A couple of other games have done things that seem similar, in the form of a sequence of books that explain the changes to an area over the course of a military campaign (or some other wide sweeping event). But like a GM railroading the plt of their players, such games don’t consider the specific actions of players they just rely on deus ex machina
When it comes to long term goals, I have a few ideas in mind, roughly thought out. The whole shape of the island is inspired by impact craters, implying something crash landed here in the forgotten past. Also, the island has a volcano (south side, central west) with a few mines heading into it, this land feature probably arose from an impact that plunged through the planet’s crust. Something is buried in the ground, the resources that sustain the island’s mines are actually stripping away the components of the unknown thing that crashed. I’m seeing ancient nanotechnology or mutagens infecting the miners, or releasing monstrous defenders once the mines pierce the protective shells of the “things that crashed”. Such things would be gradually hinted at in the medium term goals, and ramped up if things get quiet in other areas of the game.
On a more grounded level, I’m seeing some kind of open war rage between at least two of the cultures. Perhaps revolution where the settlers (possibly aided by the pirates) try to overthrow the empire, or a guerrilla war between the natives (possibly aided by the cult) and the combined force of settlers and empire, maybe a three-way battle between natives, settlers and empire. Such a war would be fought physically, economically and mystically, to draw everyone into it.

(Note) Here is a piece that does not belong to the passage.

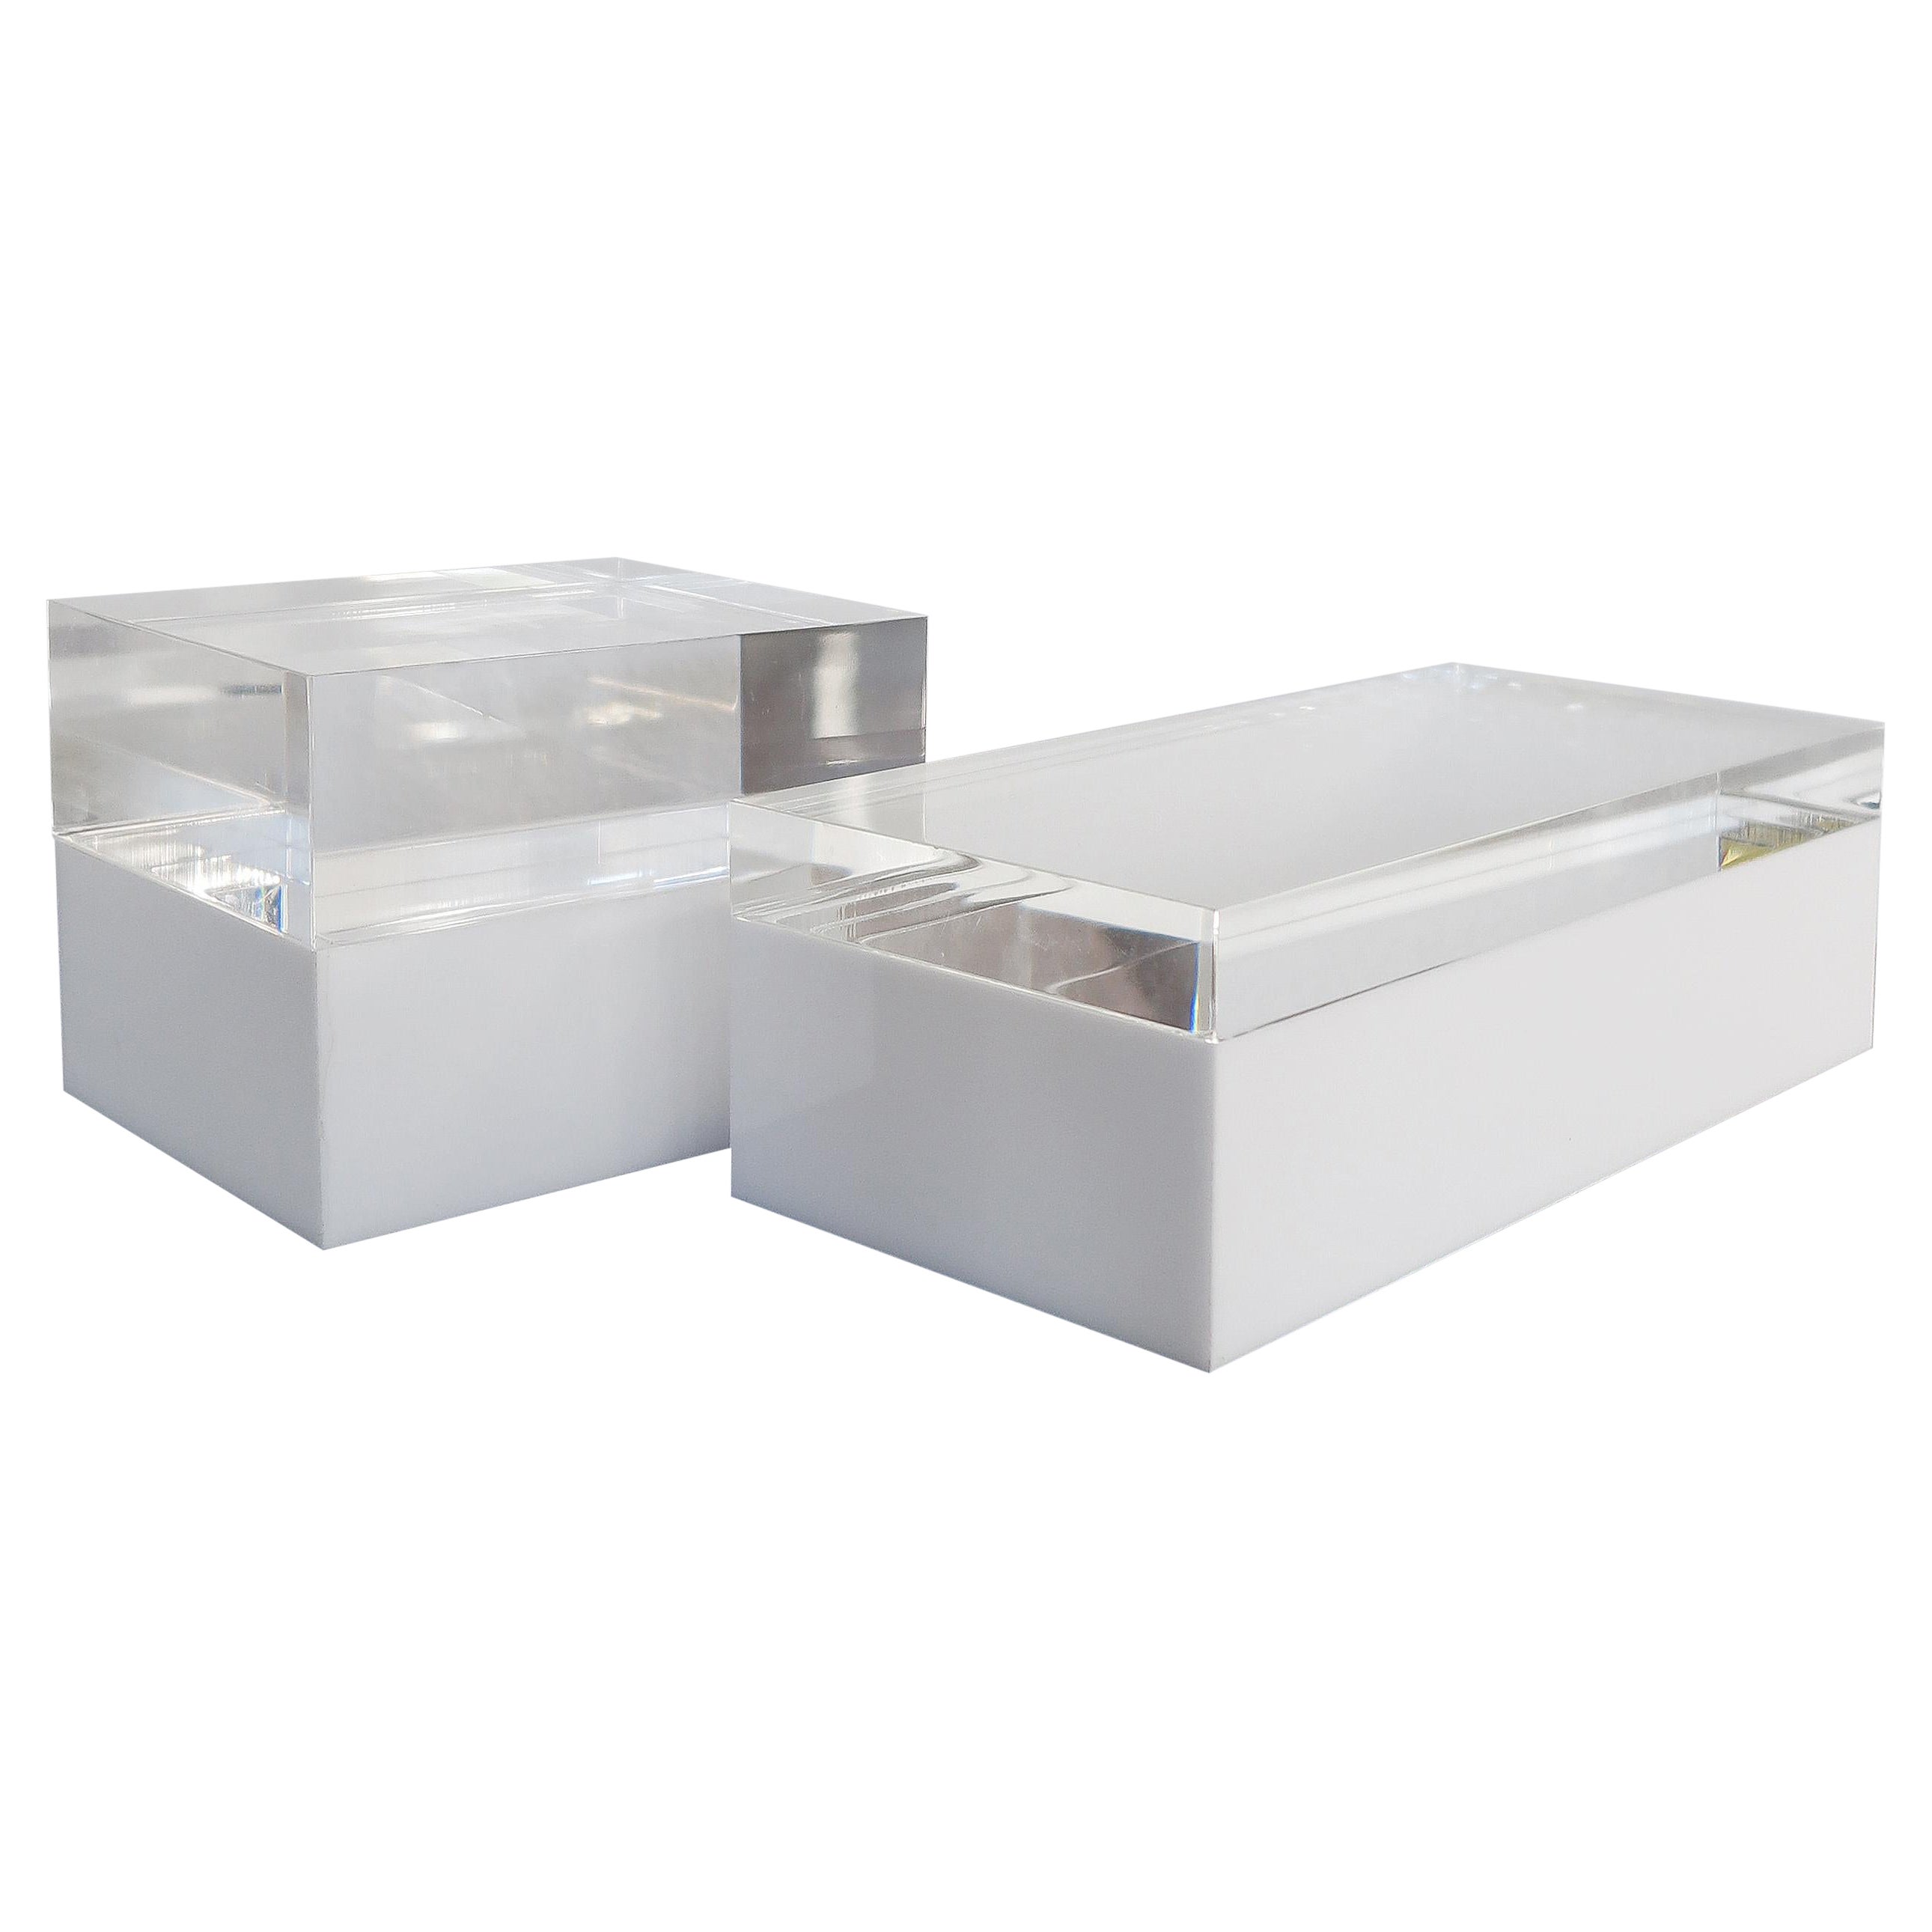 Alessandro Albrizzi Italian White Perspex Boxes 1990s For Sale

There is long term potential to introduce new cultures and races, perhaps another of the kingdoms from the old world becomes so tempted by the riches in the area, that they send ships of their own to negotiate with the colonists, privateers, and natives (the pirates down like any regimented force in the area). Would this force compete with the empire, or join other cultures in a war against the empire, then simply replace it? If mutagens infect the miners, and turn them into “something else”, what will this new race look like?

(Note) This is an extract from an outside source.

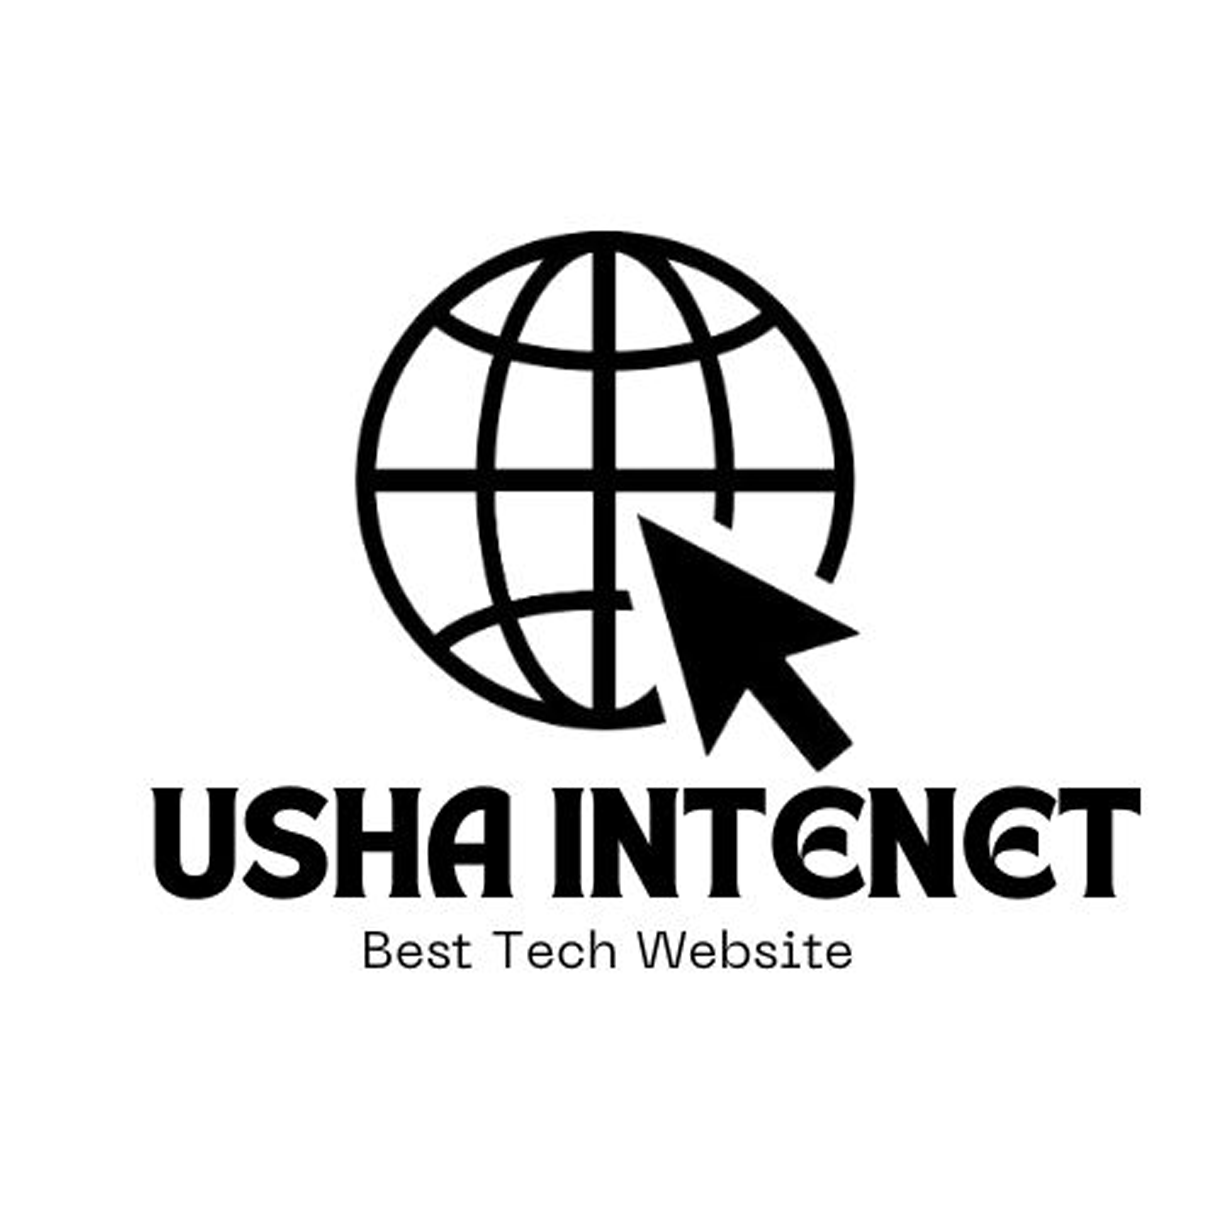 USHA INTERNET

I don’t get bogged down with details, I just leave them as possible directions for the story to go. Adding a bit more detail to one of the long term goals if the story seems to be heading in that direction. When a bit of detail is added, a few hints are dropped into the narrative for players to uncover. If they like it they investigate further and that goal becomes more likely. If they don’t care about it, then we switch focus to another long term goal. Eventually something will stick.